* Goal of the exercise: Set down again exactly the lines of the listing below that fall between the line holding "Indian Valley Brewing" and the line holding "#indianvalley #indianvalleybrewing #brewery", inclusive.

* Entries supplied:

* * * * * * *

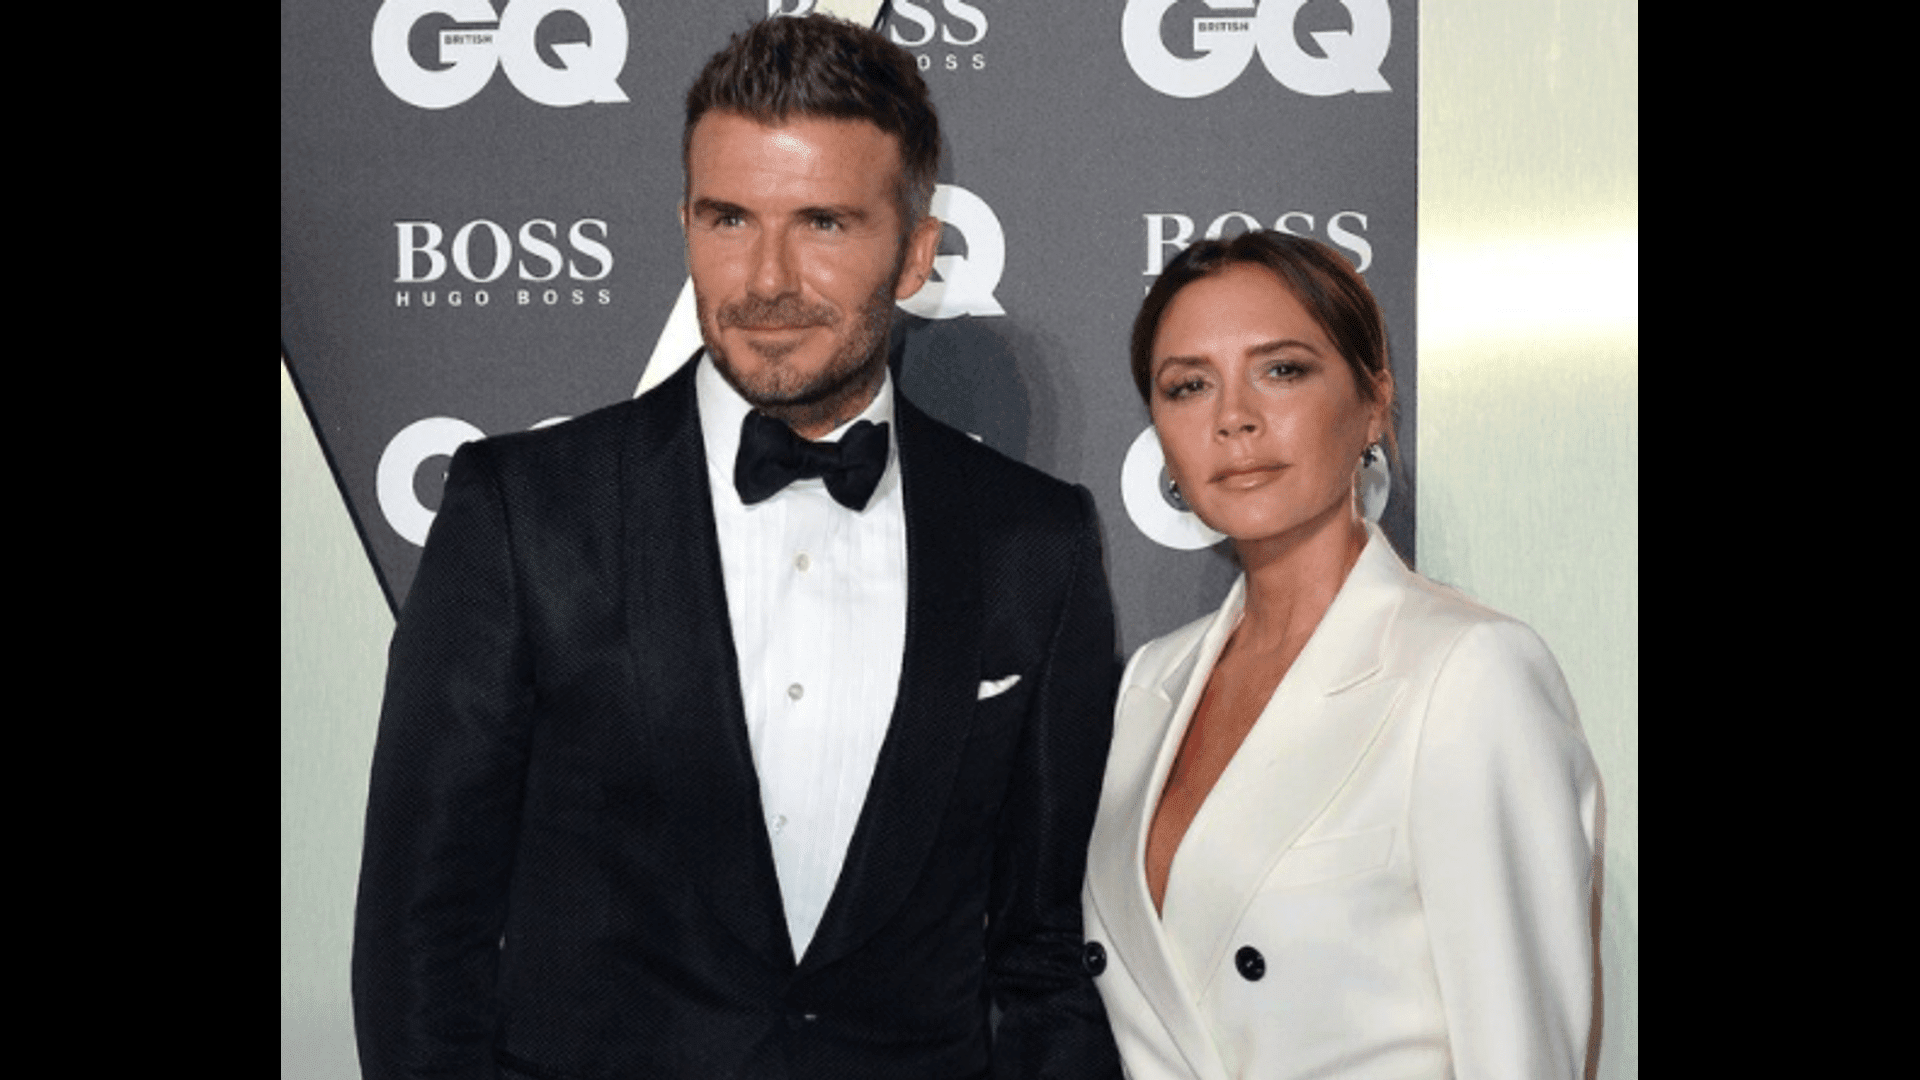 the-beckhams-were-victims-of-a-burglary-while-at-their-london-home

* * * * * * *

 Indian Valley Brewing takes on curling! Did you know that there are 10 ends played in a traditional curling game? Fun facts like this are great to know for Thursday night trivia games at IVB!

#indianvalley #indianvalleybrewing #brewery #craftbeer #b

* * * * * * *

* Written answer:
 Indian Valley Brewing takes on curling! Did you know that there are 10 ends played in a traditional curling game? Fun facts like this are great to know for Thursday night trivia games at IVB!

#indianvalley #indianvalleybrewing #brewery #craftbeer #b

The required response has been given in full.